On Oct. 5, there were poignant and tearful goodbyes with team members, residents and community members, and the exciting announcements that $18,000 was raised in Tim’s honor within the Glenmeadow family for our Team members Education Fund, which makes scholarship funds available for employees returning to school. And the largest gathering room, formerly known as Great Hall, has been renamed Timothy V. Cotz Hall.
“I am so grateful for the opportunity to have worked at Glenmeadow,” Tim told us on his last day, before he and his husband, Ken Moffett, were whisked away in style on a decked-out golf cart. “I have grown professionally as well as personally because of my interactions with Board members, residents and team members. What a magnificent experience! I can’t begin to recount the number of deep, meaningful friendships that I have formed here.”
Tim says much has changed in the industry since he began work with us; residents are coming to the Life Plan Community later in life, they expect more in terms of quality, and they are healthier and more active.
Tim also noted that the nonprofit itself, known for its holistic mission and innovative programs and outreach to the wider community, has greatly expanded. Once offering services only to residents, the organization now provides services to people living across the greater Springfield area. Through such innovations as Glenmeadow at Home, the Lifestyle Pass and Glenmeadow Learning—all programs Tim helped found—area residents have access to services from transportation and care management to education.
“We serve more people who don’t live on site than we do who live on site,” Tim says. “By expanding the number of people we’re serving, we’re better able to fulfill our mission of meeting the needs of elders. That’s been a real positive.”

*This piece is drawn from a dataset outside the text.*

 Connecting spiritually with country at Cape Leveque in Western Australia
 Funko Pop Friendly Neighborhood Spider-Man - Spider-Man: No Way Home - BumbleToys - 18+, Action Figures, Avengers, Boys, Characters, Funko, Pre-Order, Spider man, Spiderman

What has not changed over several decades, Tim says, is Glenmeadow’s mission, vision and values. “Our mission of providing premier services and meeting the needs of the whole person has not changed, and the organization’s values of caring, compassion, quality, integrity and stewardship remain very much in place.
These guiding principles, coupled with the longevity that’s evident in the team members team, and a committed Board of Directors, will provide consistency and stability as Glenmeadow transitions to a new president and CEO.
“The 200 employees of Glenmeadow are diverse in so many ways, but they all share one commonality—genuine compassion and kindness,” he says, adding, “Our board members are so willing to share their talent and expertise. They bring such a depth of knowledge and talent in areas that are not my areas of expertise.”
Glenmeadow has always operated from a strategic plan, and lending further stability is the fact that the board recently approved a new, two-year strategic plan that offers a guideline for the organization through October 2018.
“The plan is focused on further expansion of community services, staffing levels—because we know that if you look at projected numbers of elders compared to projected numbers of available workers, there’s an ever-growing gap between the two,” Tim says, noting, “We are also going to be looking more closely at how we provide services to people with cognitive loss. As people live longer and longer, the older people live, the odds of developing cognitive loss increase.”
Tim says his work over the past 23 years has been both a passion and a joy. “The absolutely enriching part of this job is getting to know both the people we serve and the people we employ. It’s been a real gift to me to share the life’s wisdom of the people we serve—they’re role models for me on how they deal with loss, how they age with dignity.”
Tim plans to spend the next three months traveling with Ken. He continues to sit on the board for Girls Inc. of Holyoke, and he is a lay reader and member of the altar guild at St. Paul’s Episcopal Church in Holyoke, where is also serves as a trustee of the church’s investment portfolio.